In August, Amazon’s India management invited NPR to tour the company's busiest facility in India on the outskirts of New Delhi. It's a three-story warehouse spread over acres. During the escorted tour, NPR saw employees working with their heads down, rapidly picking products off shelves, sorting them into orders, packing them into boxes and slapping addresses on them. There was a cafeteria with meals at affordable prices.
There were three workers in a first aid room that was clean and bright. Amazon tells NPR that their medical facilities go beyond what’s required by Indian law.
After the tour, Amazon management answered questions by NPR reporters. They mostly echoed the emailed statement, but one senior official added he believed the claims that workers made to NPR were false — and politically motivated.
The official didn’t clarify what he meant but alluded to a recent report by a global union that alleged mistreatment in Amazon facilities. The report by the UNI Global Union organization in Switzerland last year detailed problems facing Amazon workers around the world, like being underpaid and having to urinate inside bottles to meet productivity targets.
Indian employees who spoke with NPR said they weren't aware of that report. But some did say they were inspired by workers in Staten Island, N.Y., who made history in 2022 as the first, and so far only, unionized Amazon warehouse.
The Indian workers are supported by lawyer Dharmendra Kumar, a labor rights activist. He helped found the Amazon India Workers Association.
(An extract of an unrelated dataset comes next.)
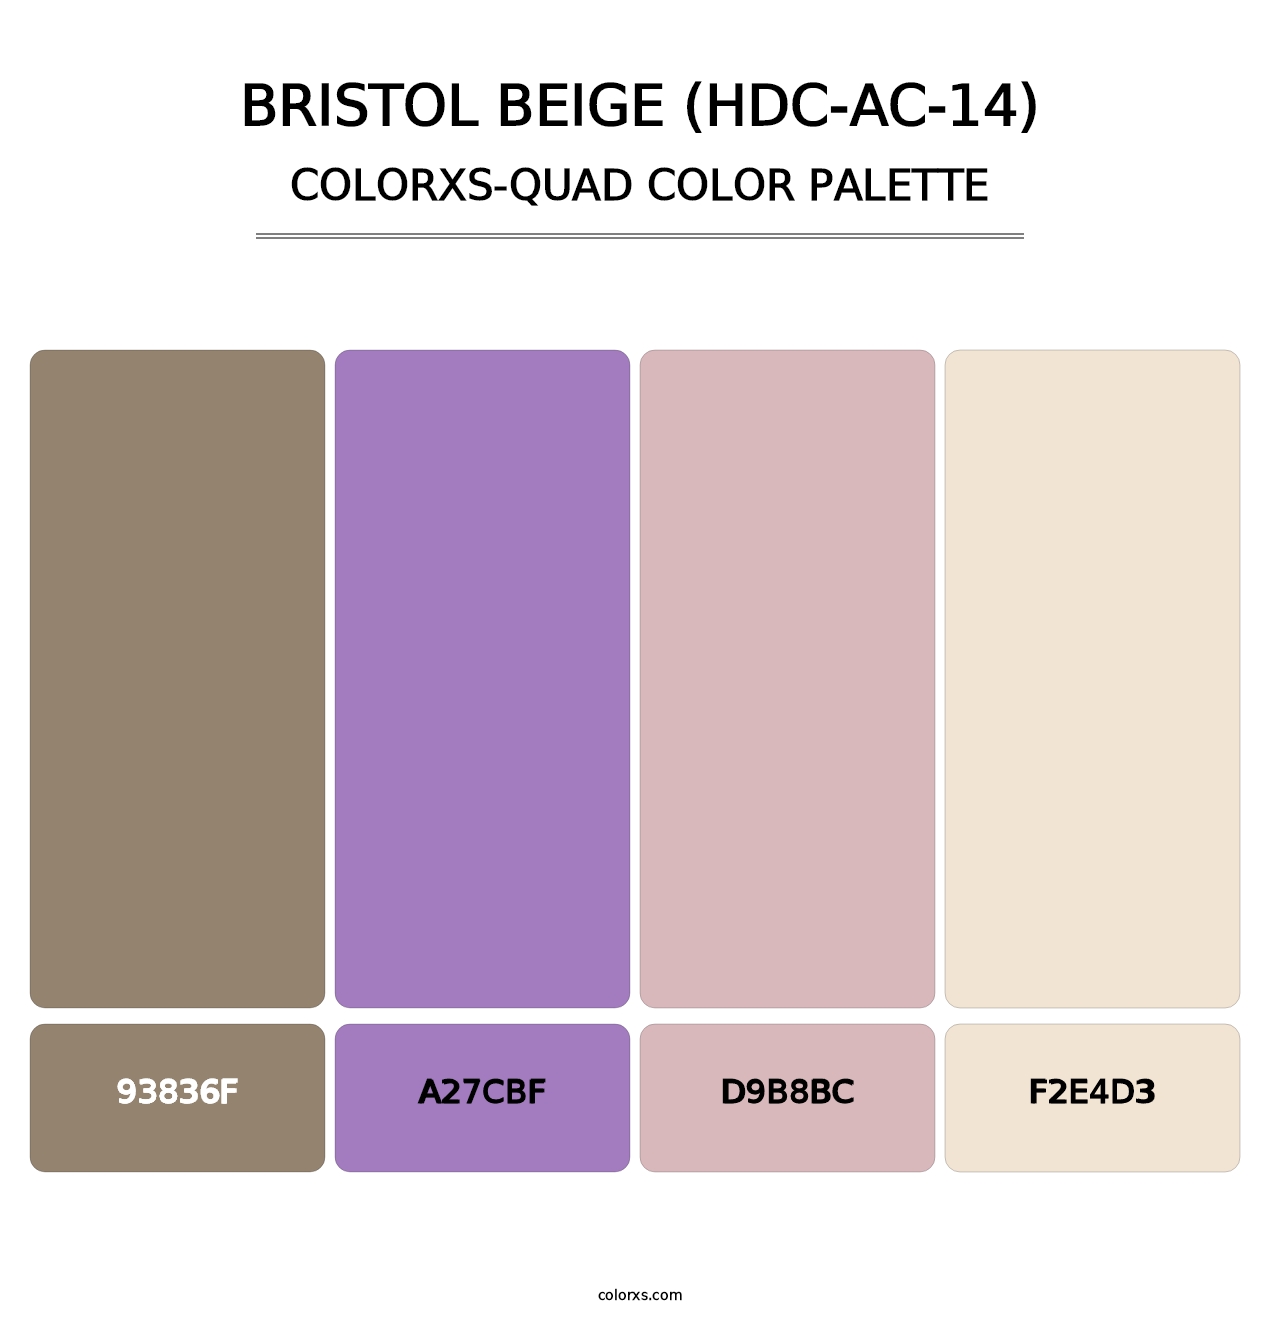 Bristol Beige (HDC-AC-14) - Colorxs Quad Palette

Kumar says even though Amazon isn't the biggest e-commerce platform in India, it's the global standard bearer. “Amazon is the leader here,” he says. “If the leader changes, others will follow.”
Kumar says the stakes are high: The country’s e-commerce market will only get bigger, and he wants workers to be treated better from the beginning.
After similar reports in local media in June, India’s National Human Rights Commission asked the Labor Ministry to investigate Amazon worker complaints. Amit Basole, professor of economics at India’s Azim Premji University, says he’s doubtful much will happen, because the government’s priority is to create jobs for the country’s enormous young, underemployed population.
"[Labor rights] protection is important but the first thing is to create enough jobs,” he says.
Back in the roadside cafe, Rajesh Singh says workers at Amazon in India deserve better.
“Do you know what happens when you click to order a mobile phone off Amazon?” he asks. “How many people might fall sick in fulfilling your order? What abuse will they be exposed to? How many workers get blacklisted during that process?”
He says, “You don’t know. You just order.”
Editor’s note: Amazon is among NPR's financial supporters and pays to distribute some NPR content. NPR covers the company independently.